There’s a growing awareness that PowerPoint is a badly used tool for the most part. But even though my clients, and those who take my course on public speaking, might concede that PowerPoint is bad, they often still insist that they have to use it.

Some say it is part of a corporate culture or that conferences they attend will expect a slide deck for the binders. A few say their bosses demand PowerPoint, though I have never encountered a Senior VP or CEO who holds such a view. Some people try to tell me that their presentation is so complicated that it needs a bevy of bullets to help them get the message across. To them I cite several studies that show comprehension goes down when an audience is forced to read words and listen to them at the same time.

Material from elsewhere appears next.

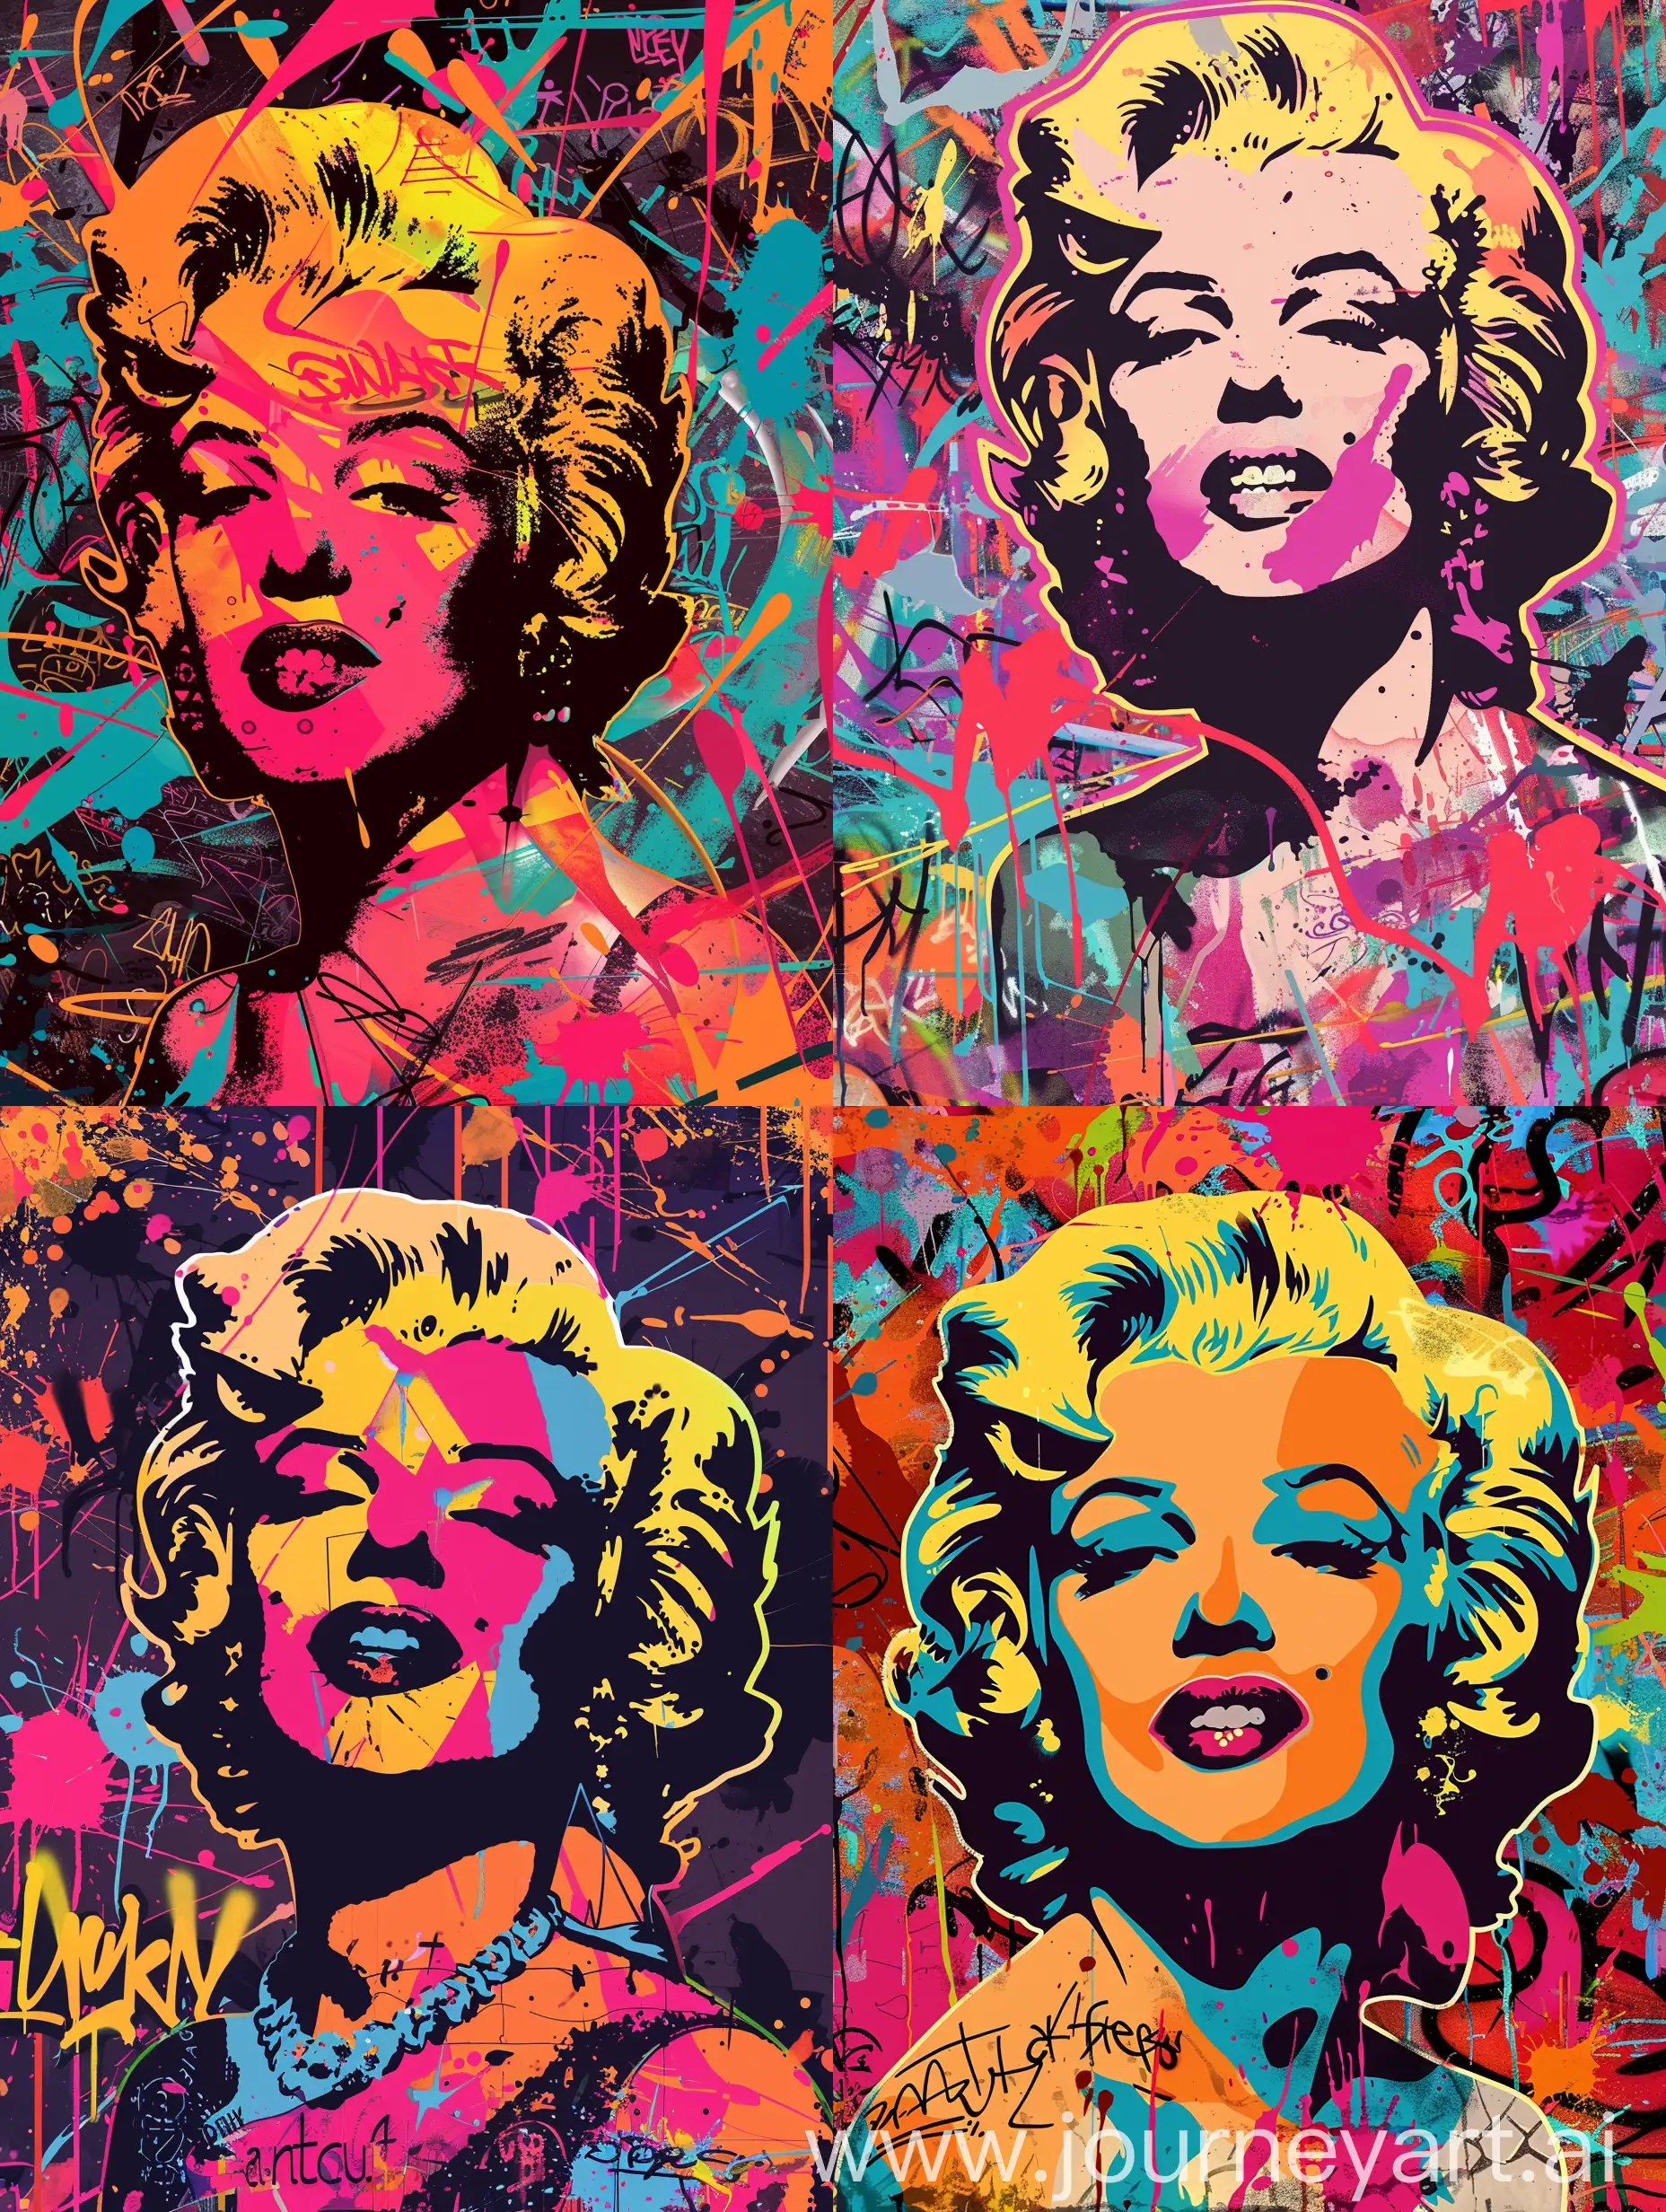 Urban-Graffiti-Portrait-Vibrant-Marilyn-Monroe-Illustration-on-Canvas

I suspect the real reason people resist ditching PowerPoint is because it’s harder to stand in front of an audience and perform – much safer and secure to hide behind a podium and have people stare at a screen. The most effective presenters, however, are often what Garr Reynolds calls “naked presenters”, meaning they can speak as effectively with or without the support of a slide deck.

So my challenge to those who are addicted to a large digital slide deck is to take one step at a time on your road to presentation recovery. Start with one of the following;

  • Eliminate some of your slides, each time you practice. If you have 30 slides, get down to 20, if you have 20 get down to 10.
  • Limit your bullet points to a maximum of three per slide.
  • Replace one bullet point slide with a large visual.
  • Take out all non-essential text and information from graphics and charts. Use them only to show trends and comparisons rather than detailed data.
  • Go analogue. Start your next presentation by writing the points you wish to make on cards or post-it notes . Once you have an outline you can turn on PowerPoint and look for ways to illustrate your points rather than stuffing your ideas into a PowerPoint screen
  • Create a separate handout document. If you plan on leaving a copy of your PowerPoint you will fill it with too much detail and ruin your presentation.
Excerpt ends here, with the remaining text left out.